Allow me to say this episode was not all that surprising, but it held great consistency with the previous episode and turned out almost exactly how I hoped. After five carefully paced episodes, we are rewarded with an aggressive entanglement of significance and witness Marika’s strong points in action. Her latent talent, while of little appeal to myself, can be appreciated at this point, and I feel her native demeanor is strongly in-tune with what will be required of her as captain of the Bentenmaru.
There is still one arguable issue with the procession of battle in how it relies heavily on dialog, a matter of telling vs showing. At times, the conflict of this episode felt like we were inside the inner-monologue of a novice chess battle, which may be attractive to some. Similar statements were said of Death Note, but I feel there needs to be a distinction made between limited and unlimited systems. The conflict faced by Odette II felt to have a finite number of options in terms of technology and possibility as most tactics focused heavily on electronic warfare. I find the value of dialog questionable but can understand how it would be entertaining . And truthfully, I’m willing to accept this issue as is.
The opening narration continues to highlight a more general perspective of each episode. This episode mentioned “memories of the age of exploration,” settling well with my original perception regarding historical context of the Letters of marque. I take from this an understanding that space is still vast and unruly, a place unfit for common travelers. But I found more intrigue in the part about transponders.
“The transponder’s information is human will and goals.”
Fascinating. Given the meaning of this statement, how should these characters trust transponders? I found this message, when distilled, signified a tension between technology and human spirit or will, and it became apparent further into the episode. Marika and the yacht club altered their transponder heading while anticipating, or even encouraging, an attack by an unidentified foe. Lynn created a honeypot intending to trap the foe and reverse their attack, gaining control of their system. Lynn and Marika also discussed the means by which this digital combat was facilitated, expressing that there was human guidance behind skilled attacks and the automate system would be of little use.

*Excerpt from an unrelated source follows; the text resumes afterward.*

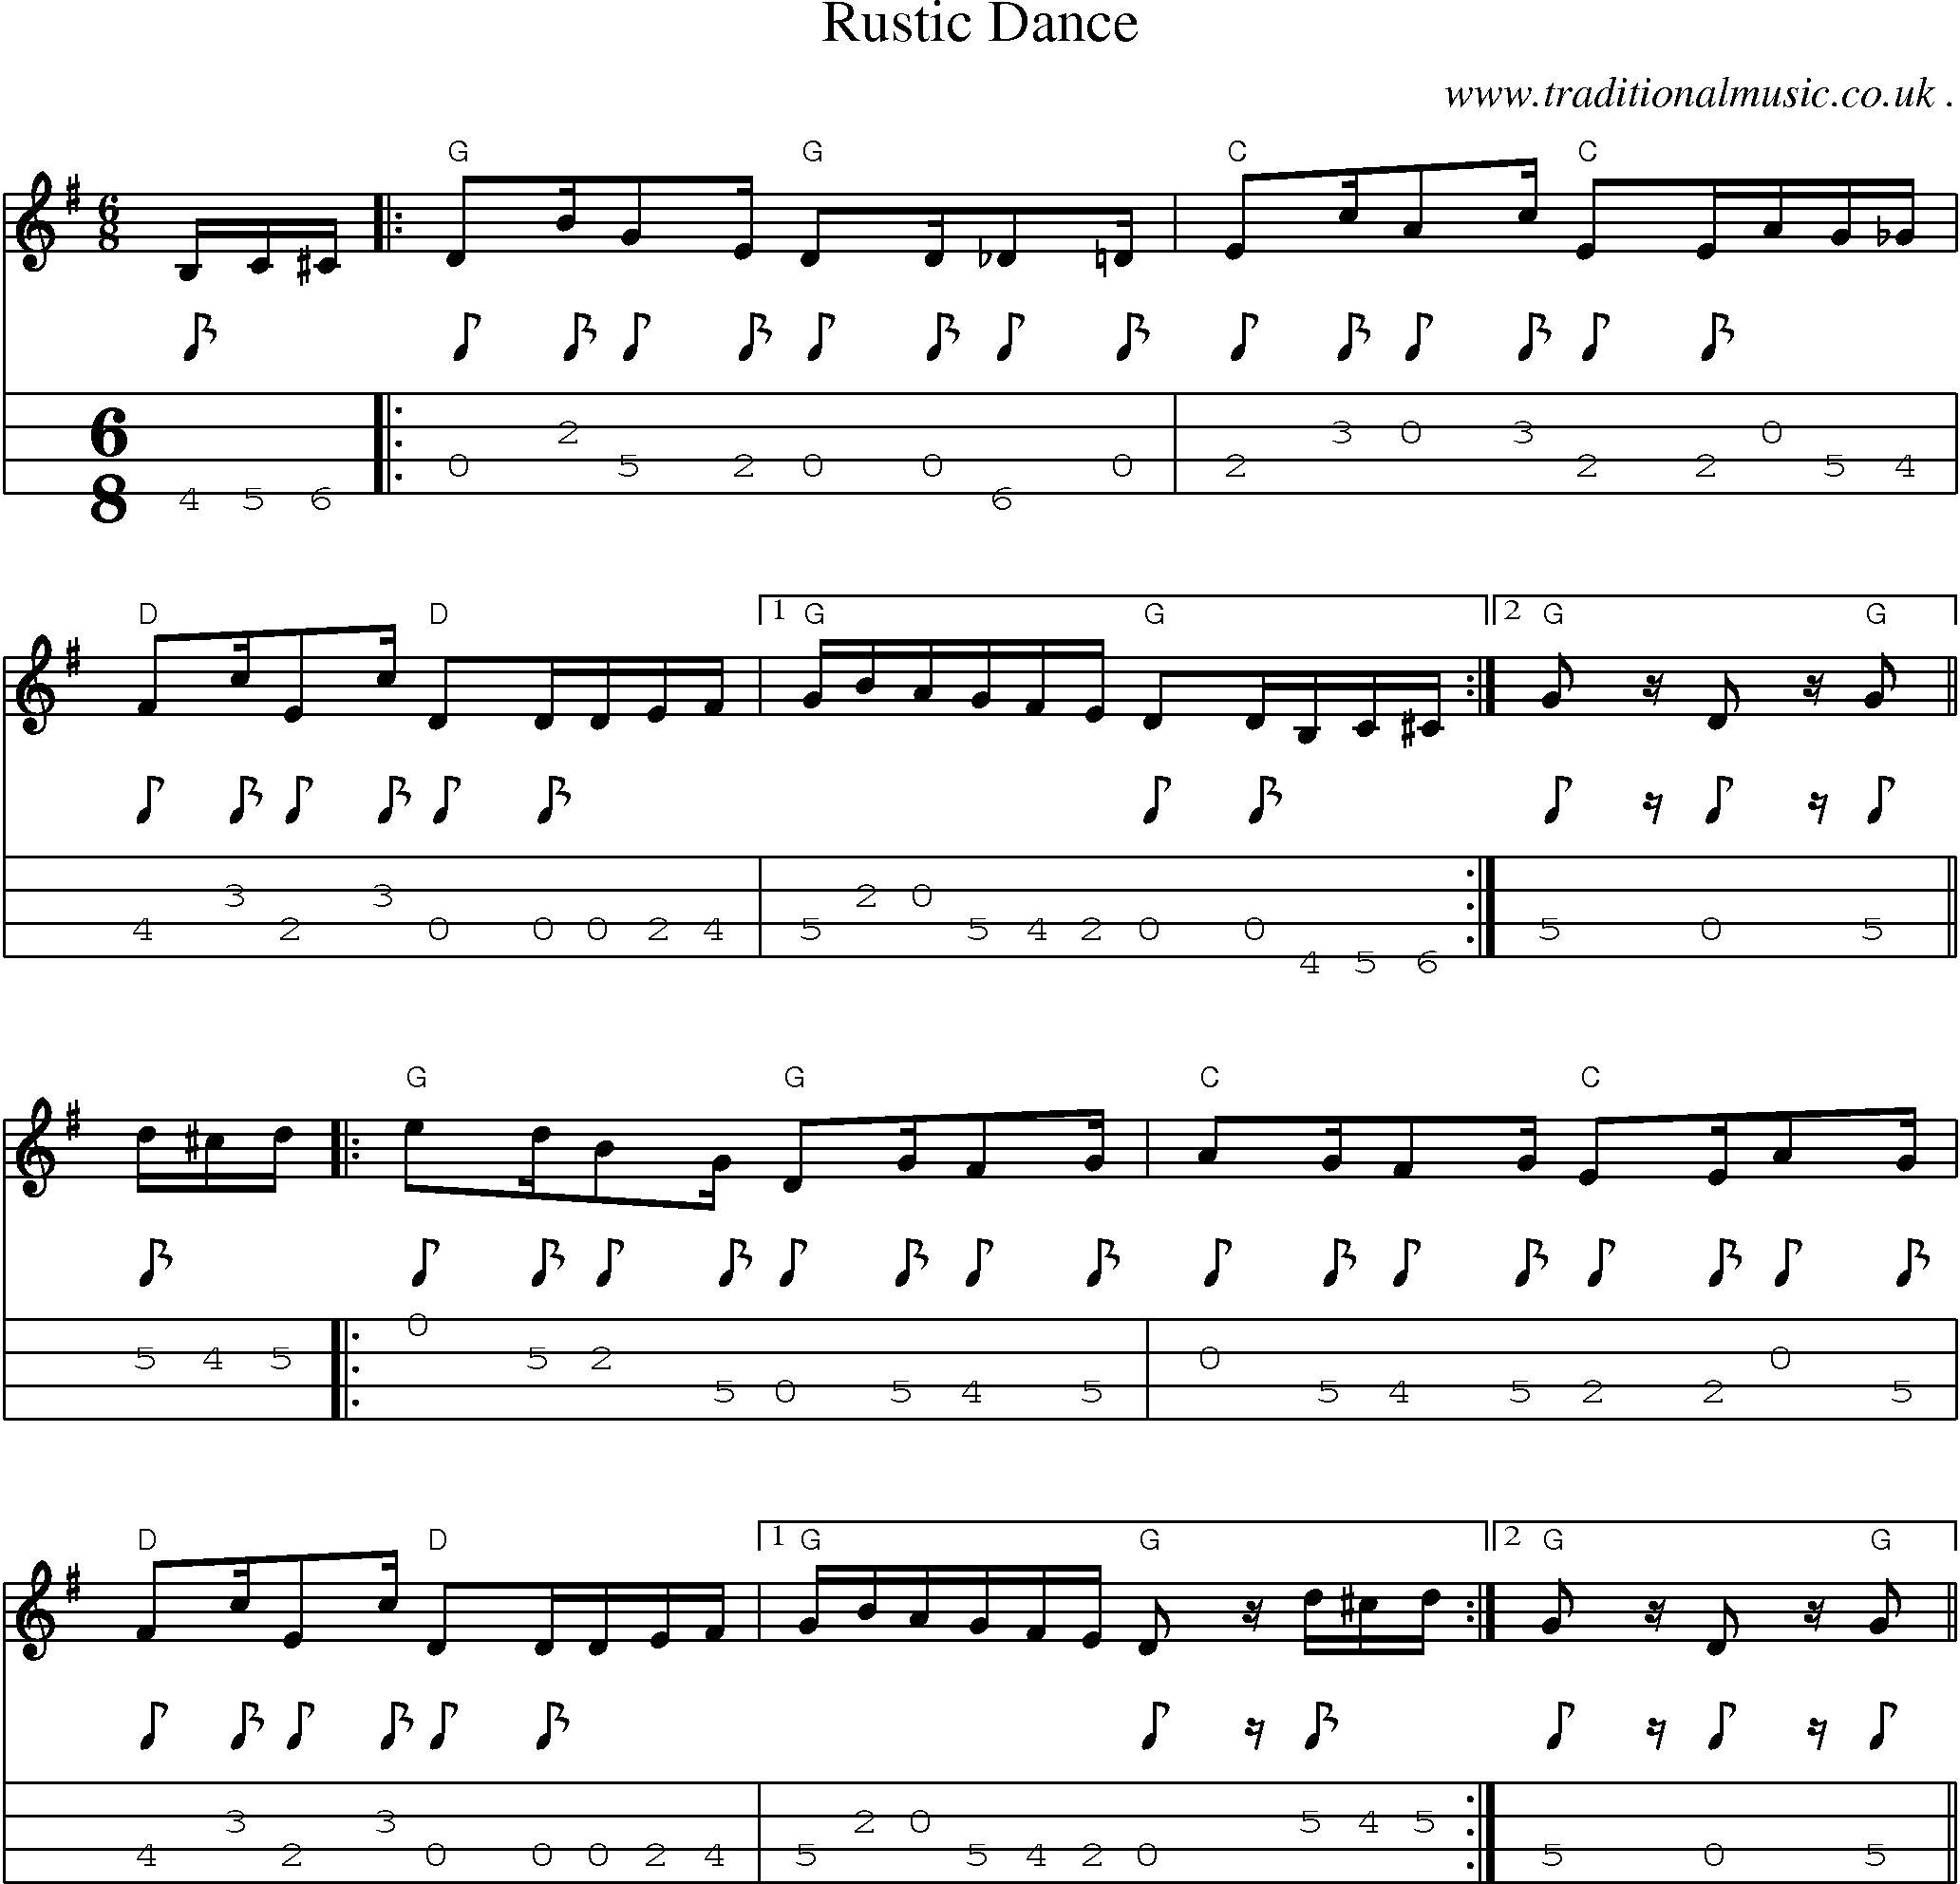 Music Score and Mandolin Tabs for Rustic Dance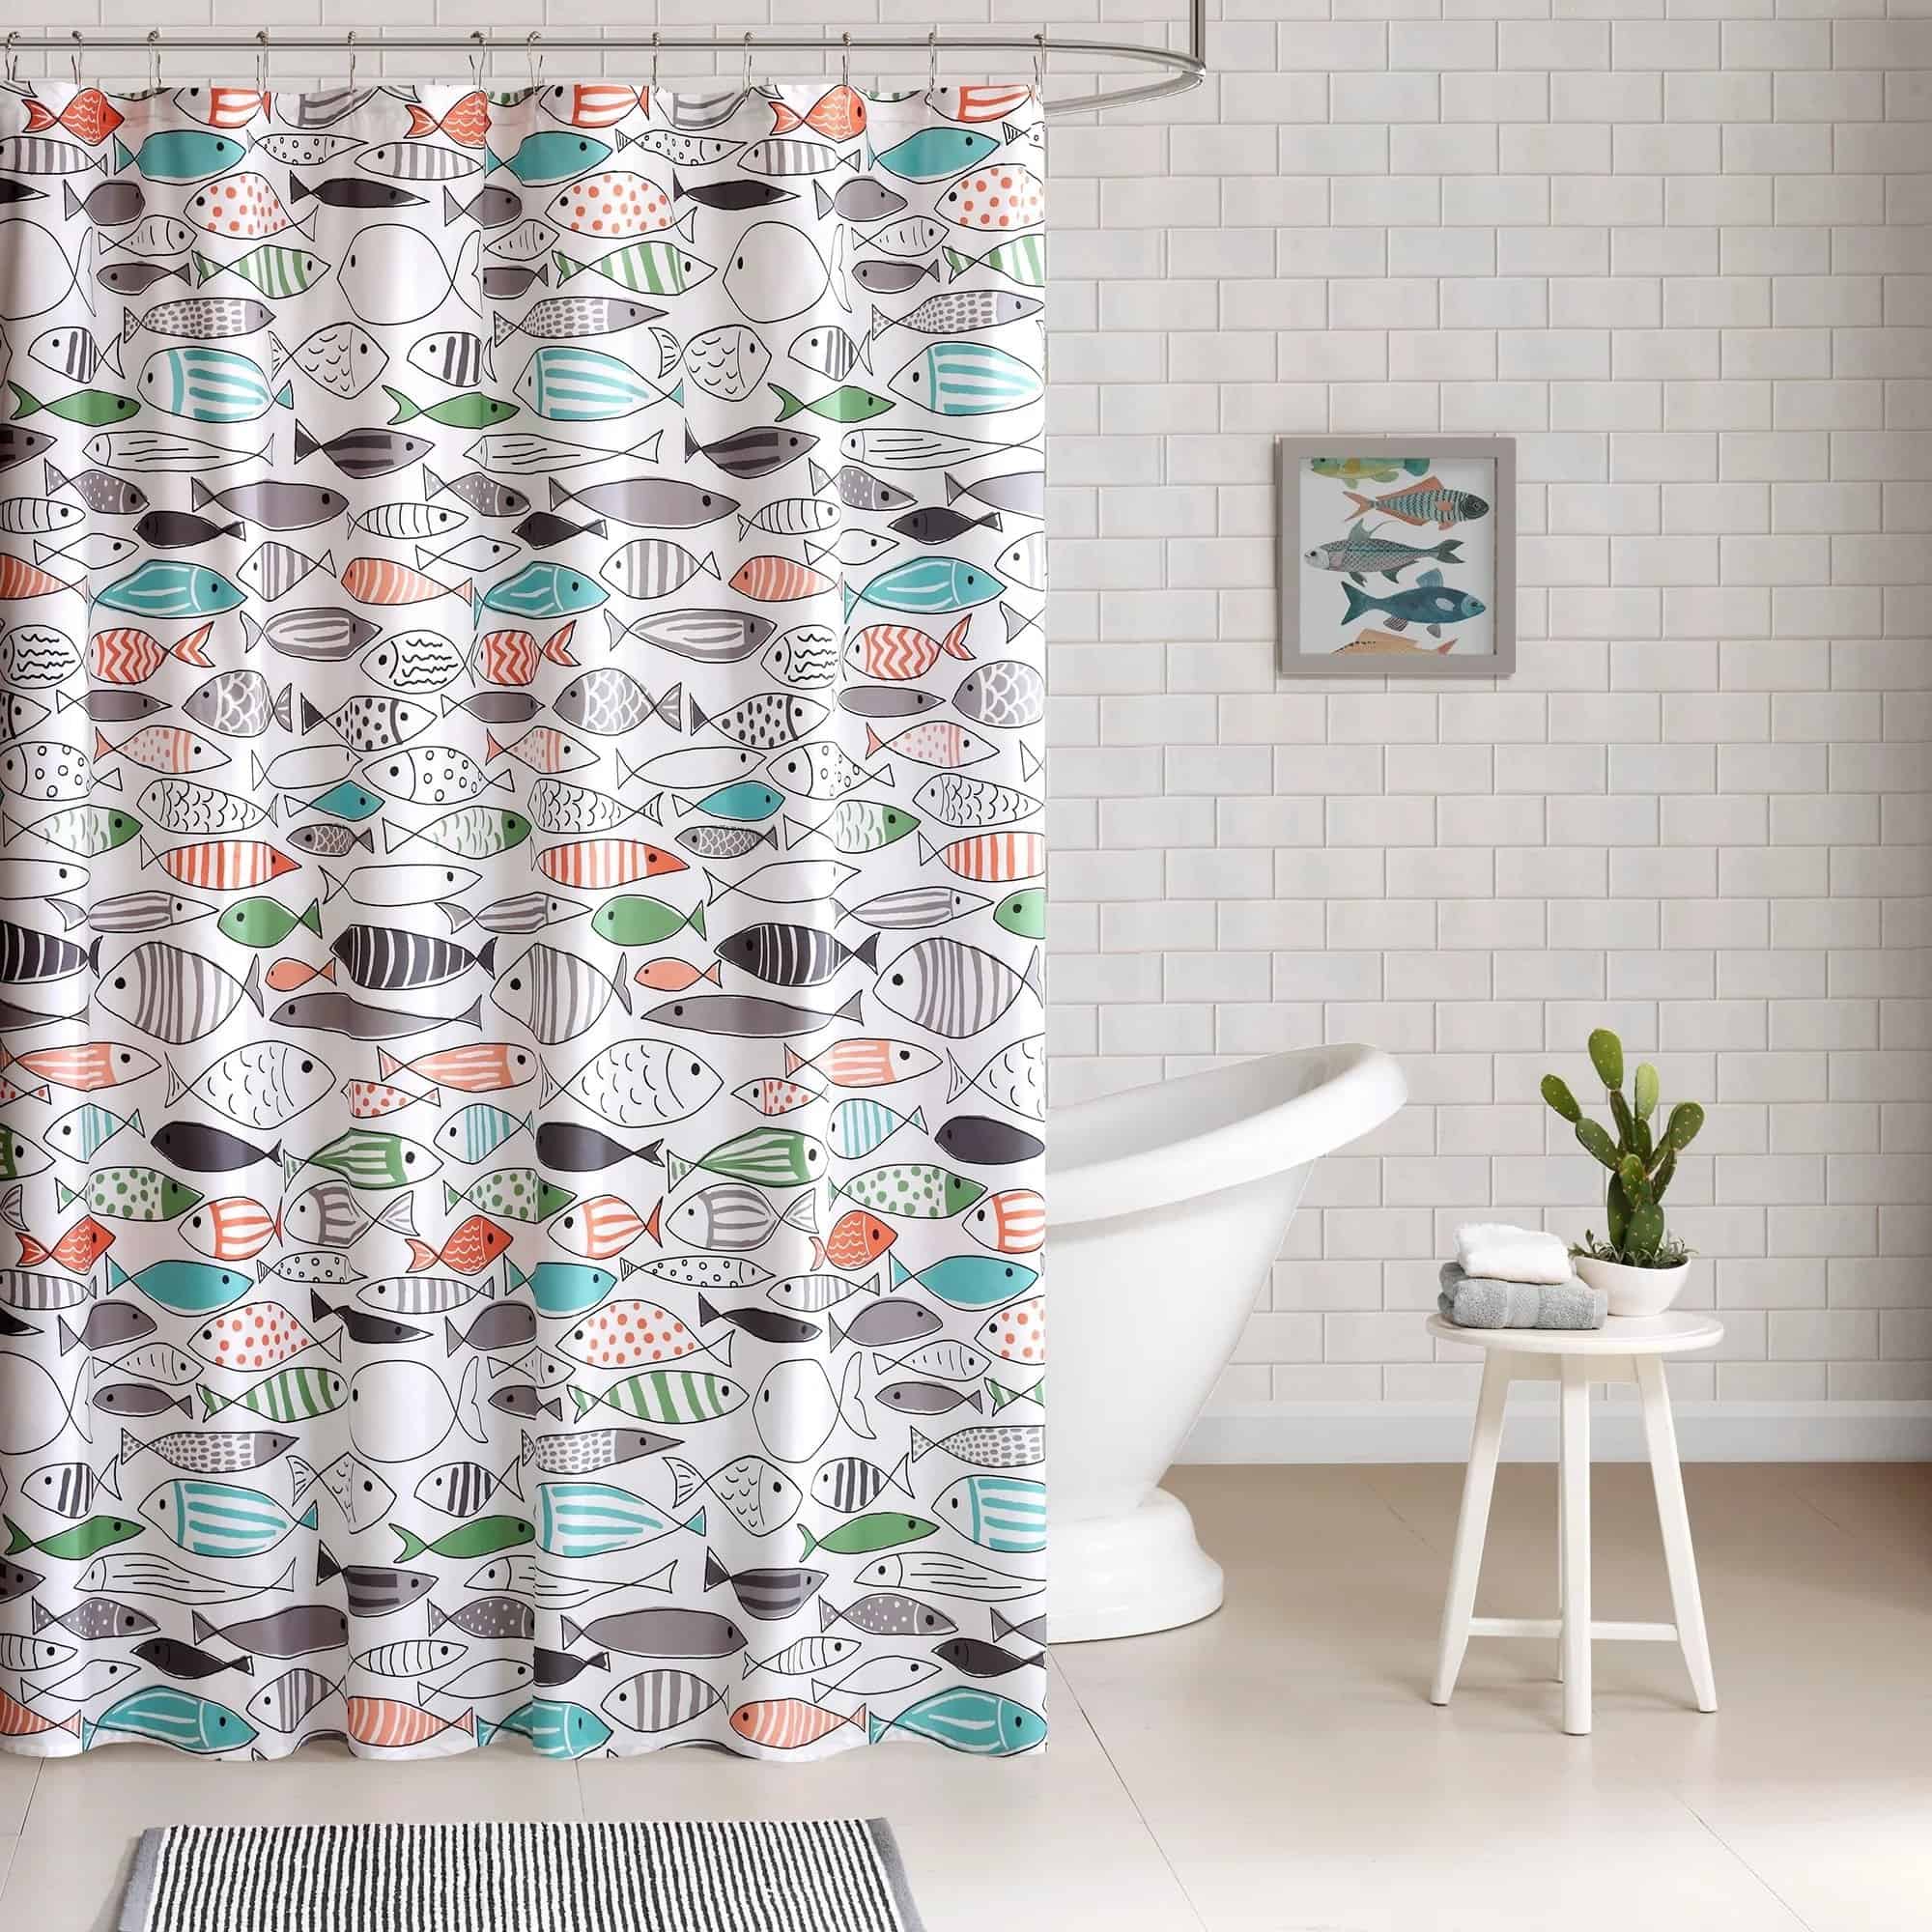 Create A Pop Of Color With Shower Curtains

In every respect we are shown that the human element plays an important role in the usage of these technologies. It leaves room for a certain amount of unpredictability and surprise. To further clarify the message, the battle escalates when high-technology is completely undermined with the Lightning’s power down. We learn that low-tech is also quite dangerous, when the Lightning begins firing their beam cannon at the Odette II, running strictly on optic targeting.
Marika rises to the occasion in notifying the captain that they should not flee, as their engines would be detected through infrared, possibly a more rudimentary technology of the era. She instead counters with her own effort in targeting the opposition by concentrating the star’s light off the reflective sails. What began as a high-tech electronic battle, ended with a touch of human finesse. The episode was completely brilliant in that respect.
Finally, since this might be the last time we see Ms. Jenny Doolittle, I should say her ojou presence will be missed. Her reaction when Chiaki explained that optical targeting involved aiming with eyesight, as opposed to radar, was priceless. I could have enjoyed the entire episode on that one bit of entertainment, really.
 – The World Poker tour has commentary, but is it really needed?